2012年5月27日 (日)

原発国民投票(3)

○5月22日(火) 原発国民投票、関西の賛同人の集まりということで、夕方十三へ。十三は大阪の庶民的な町のひとつ、阪急駅の近くの飲食店街を歩き、韓国料理店で冷麺を食べる。18:30頃に会場へ行く。今井一氏には初対面。名刺を交換し、彼の2冊の著書にサインをもらう。本へのサインをねだるのは私のささやかな楽しみ。

○集会は数人の参加者で始まったが、終わる頃には20数名になった。今井氏が東京、新潟、静岡、等での動きを報告し、関西での動きが鈍いとの指摘。住民投票と国民投票の違いという基本的な認識も議論された。ほとんどの(すべての?)、人は個人としてこの運動に係わり、その発言も爽やかである。自分で出来ることをやり、連帯できるのは気持ちのいい運動である。

○私がやっている肝心の署名集めは現在100名足らずだが、強力な助っ人がいるので、200名近くは集められそう。
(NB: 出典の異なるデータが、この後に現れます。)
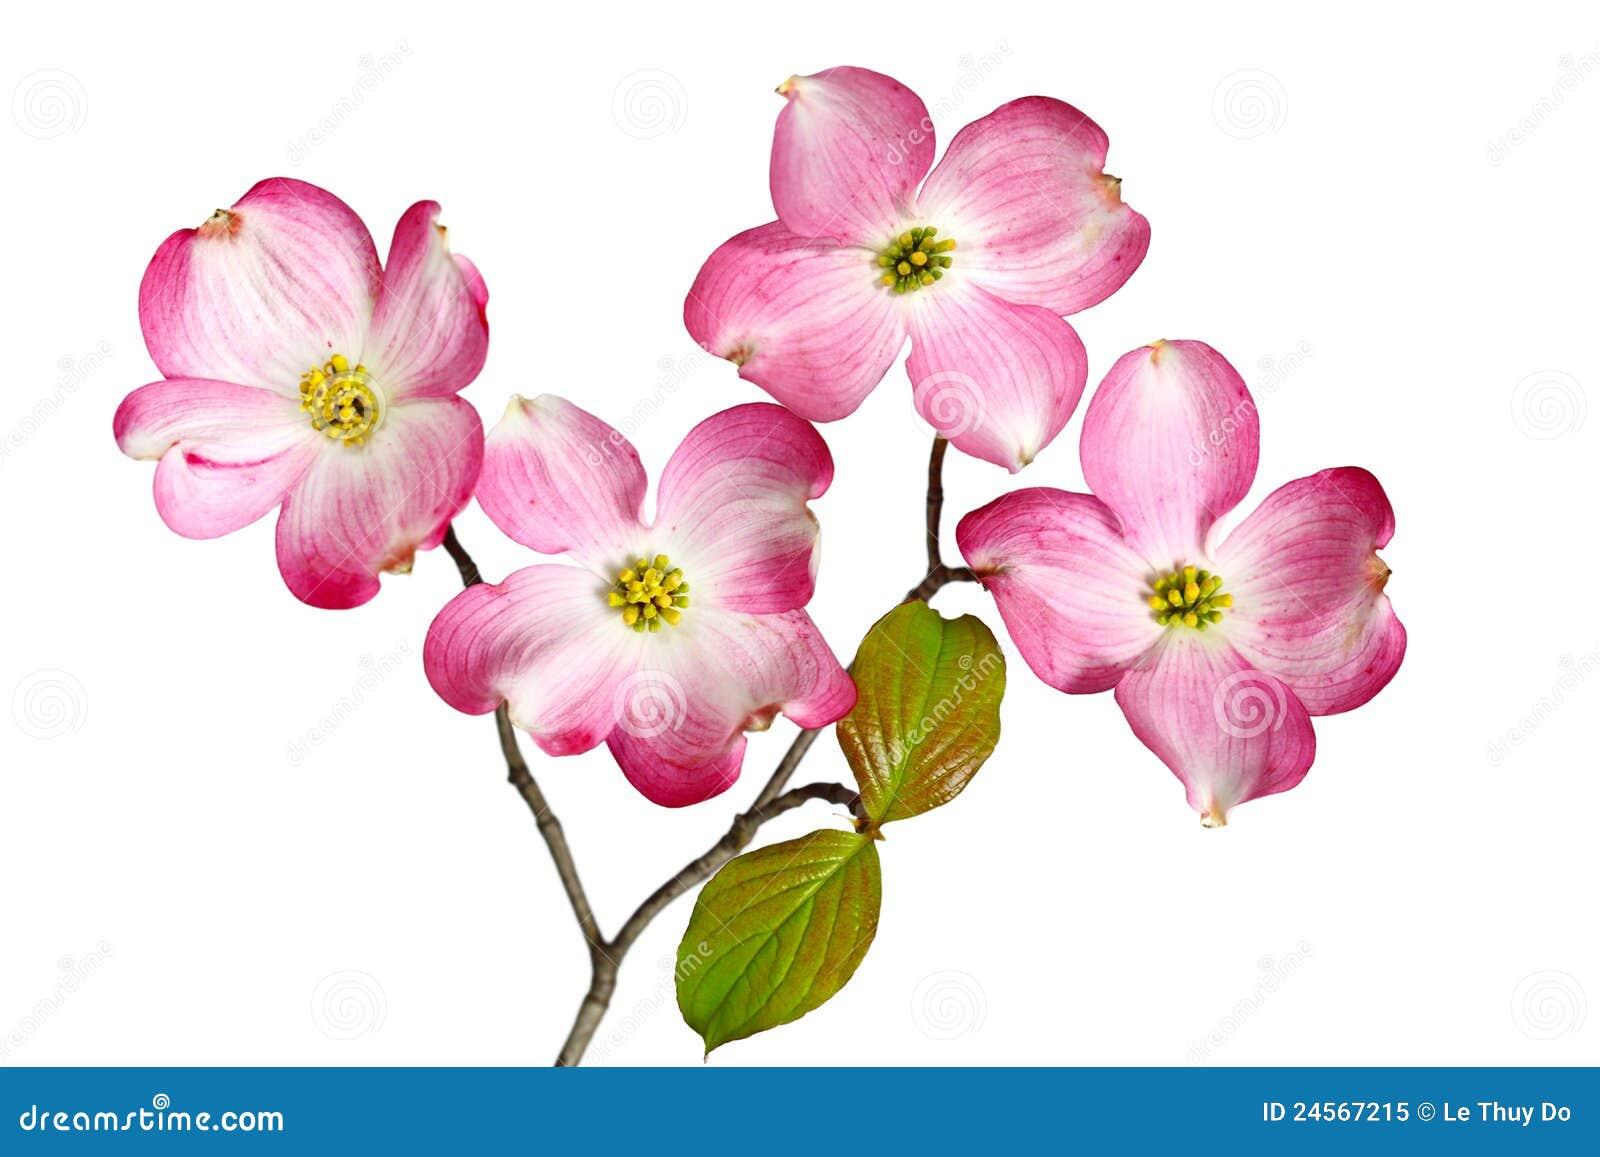 Red Dogwood Blossom Stock Image Image Of Dogwood Garden 24567215

○今週は「第二のフクシマ、日本滅亡」(広瀬隆/朝日新書)と「広瀬隆 怒りの緊急講演会}に大変良い刺激を受けた。次回にでも感想を。

六甲山人

2012年5月20日 (日)

西海原子力発電所

○「原発への抵抗は、どんな嫌がらせだって結局国家への反逆につながるんだよ」「原発の抱えている矛盾は全体として解決しなければ、解決にならないし、わずかの誤差があってもならない。原子力の社会っていうのはそういうものなんだ」

○書庫を整理していたら、「西海原子力発電所」(1986年出版/文芸春秋)という題の本を偶然に見つけた。井上光晴がチェルノブイリ事故(1986.4.26)の直前に書いた小説。今回初めて読んだ。西海原子力発電所は存在しないが、小説中の登場人物の会話から九州のどこかの原子力発電所と想像できる。ちなみに九州は佐賀県に「玄海原発」が4基、鹿児島県に「川内原発」が2基存在する。いずれも70年代から80年の前半にかけて運転を開始している。
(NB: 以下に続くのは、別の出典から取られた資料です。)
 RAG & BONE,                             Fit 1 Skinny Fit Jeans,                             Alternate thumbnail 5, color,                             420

○小説は不審火で1人の男と1人の女が焼死するところから始まる。色々な人物が登場し誰が、なぜ、という謎解きを始める。スパイ、二重スパイ、原発被曝者、原発労働者、さらに偽の被曝者等が登場し、小説は重層的に展開する。劇中劇「プルトニウムの秋」で冒頭のような会話が交わされる。

○現状をみると、日本の社会はおよそ30年前とほとんど変わっていない。原発を動かすために汚れた金を使うひと、それを受取る人、その結果として反目しあう社会。          井上光晴は様々な人物を通して、原爆、原発をどう生き延びるのかを読者に問うている。

六甲山人

2012年5月13日 (日)

今週の動き

○5月11日(金)  大阪へ。地下鉄淀屋橋で降りるとなじみの会社が数社ある。まずは北浜の会計士事務所を訪問し、馴染のKさんに「原発国民投票」の趣旨を説明、署名集めをお願いする。そのあと道修町の会社を訪問し、3人の人に会い、「国民投票」署名集めをお願いする。みんな顔馴染みなので、気楽に引受けてくれる。むしろ議論をしたかったのだが、とにかく善意を信じて無駄口(?)はたたかない。
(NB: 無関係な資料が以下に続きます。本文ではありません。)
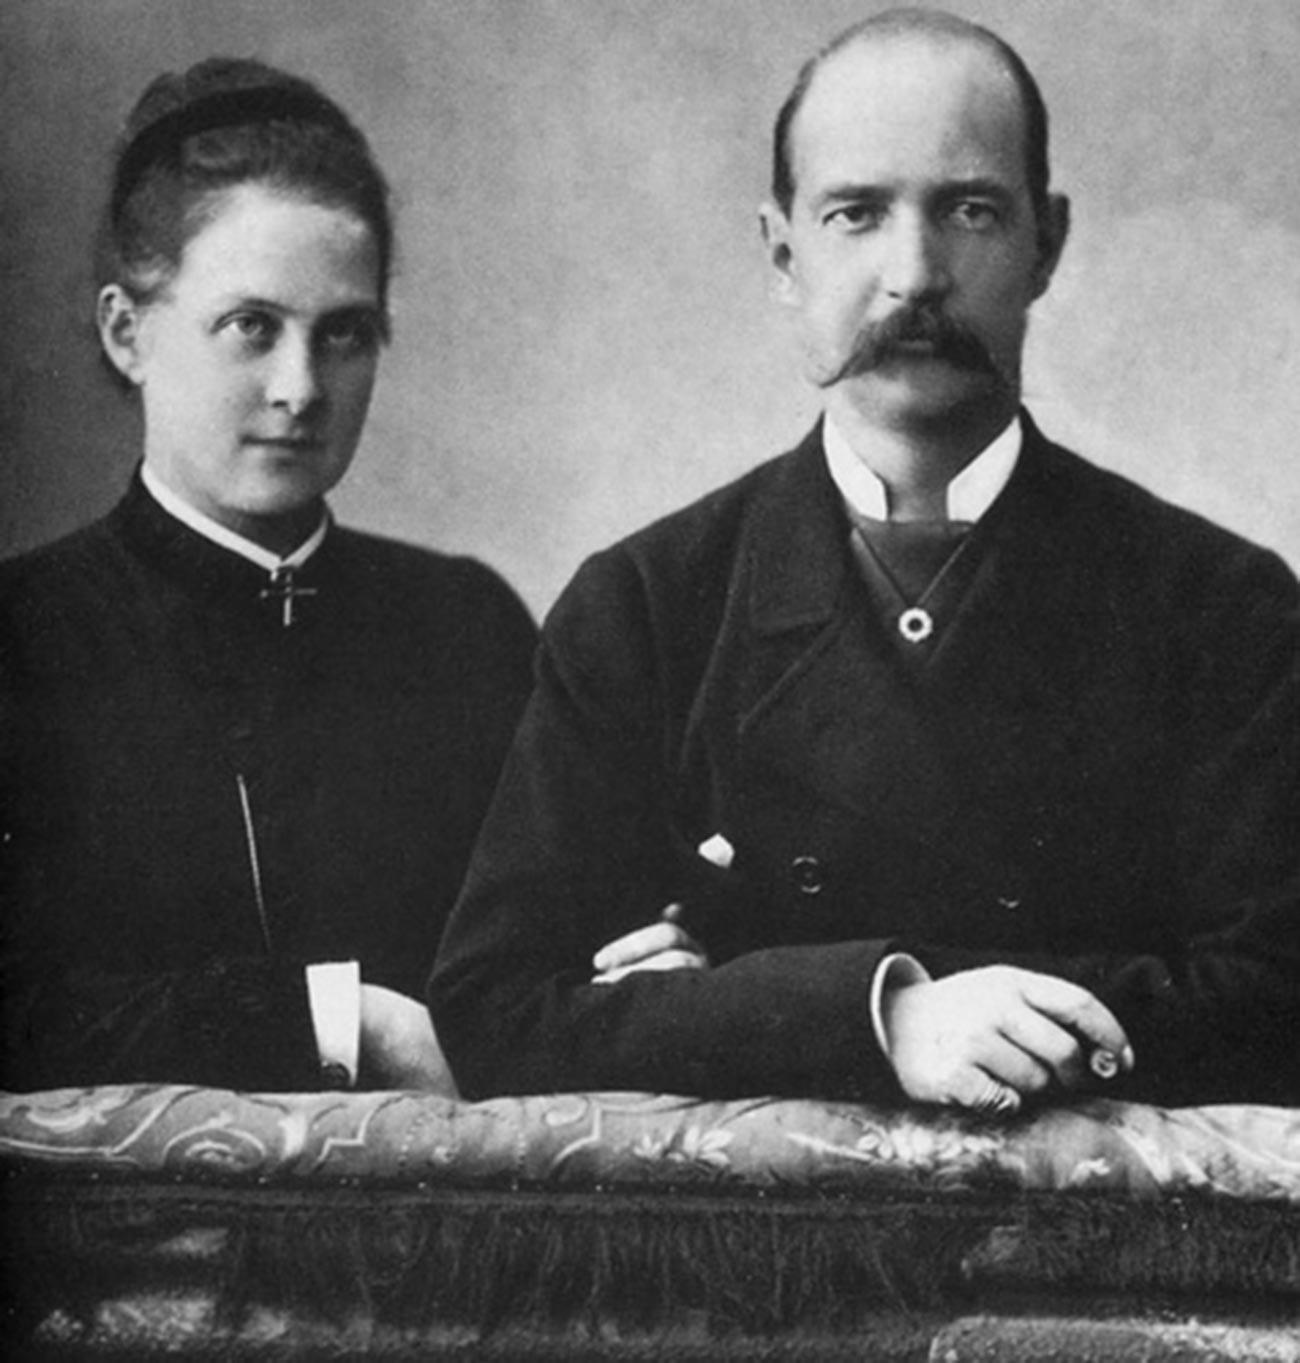 Georg I. von Griechenland (v.r) und seine Frau Olga Konstantinowna (v.l).

○5月12日(土)  1000万人署名で、特に協力してくれた7人の友人に、「国民投票」の意義を書いた短い手紙と切手を貼った返信用封筒を同封し、郵便で「原発国民投票」の署名集め依頼をする。息抜きをかねて午後は演劇鑑賞。翻訳ものでおしゃべり過剰で少々疲れた。帰り、三ノ宮で一人早い夕食。食べたトンカツはもうひとつ、ビールで流し込む感じ。店の料理人が変わったか、わたしの口が驕ったか。それにしても、元町には同じぐらいの料金でもっと旨いトンカツ(ヘレカツ)を食わせる店がいまもある。

○5月13日(日)  9時から4ヶ月に1回の居住地の掃除当番。同じ階段の3人で1時間ほど草引き等をする。そのうちの一人、Sさんご夫妻に「国民投票」の署名をもらう。この団地には40弱の世帯が住んでいるが、なかなかみんなに声をかける勇気がない。何を慮っているのだろう。 

六甲山人

2012年5月 6日 (日)

「世界から見た福島原発事故」

○「原子力発電所はギリシャ悲劇のようなものです。英雄は生まれつき弱点を持っています。それも時間がたたないと分からないんです。原発も同じです」こんな譬えから始まった先日のNHKのレポートは興味深いものだった。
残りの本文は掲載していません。